22 décembre 2018

LA FORET TOUJOURS (ENC)HANTEE



Décembre à Altkirch. Un soir de semaine humide. L'appel de la forêt. La Forêt enchantée. La signature altkirchoise pour le Noël alsacien. Au Pays des Chants et des Etoffes, une pérégrination urbaine dans des histoires pour enfants et plus grands. On nous a promis une nouvelle version. Allons voir. 

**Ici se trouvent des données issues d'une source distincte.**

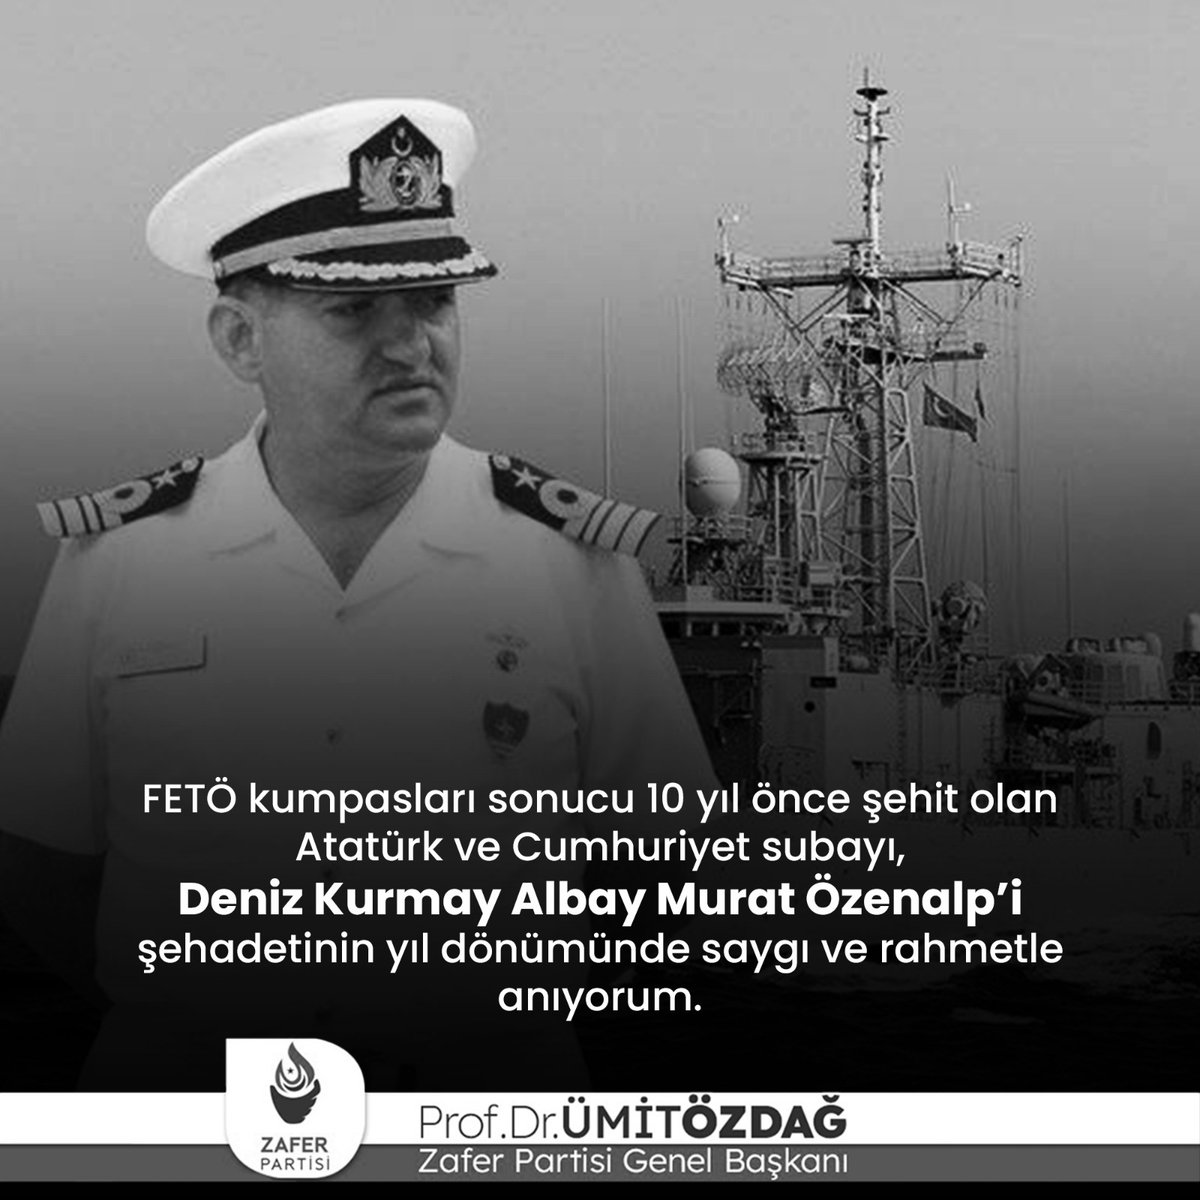 FETÖ kumpasları sonucu 10 yıl önce şehit olan Atatürk ve Cumhuriyet subayı, Deniz Kurmay Albay Murat Özenalp’i şehadetinin yıl dönümünde saygı ve rahmetle anıyorum.

Depuis deux décennies, la Ville d'Altkirch peuple son centre et ses ronds-points de personnages et animaux grandeur nature. Dans ce Sundgau toujours hanté par des récits extraordinaires de maisons à colombages, la mémoire collective a toujours quelques faits singuliers à ressortir. Initiatrice et grande prêtresse de La Forêt enchantée, Geneviève Risterucci a été la metteuse en scène et la voix de cette animation de fin d'année. L'idée d'un univers fantasmagorique se fondant sur des légendes du terroir n'est pas contestable ; ce qui l'est, c'est sa mise en oeuvre pendant l'Avent et Noël. Quand toute l'Alsace se pare de lumière, que diable viennent  faire les monstres sur le chemin de la Nativité ? 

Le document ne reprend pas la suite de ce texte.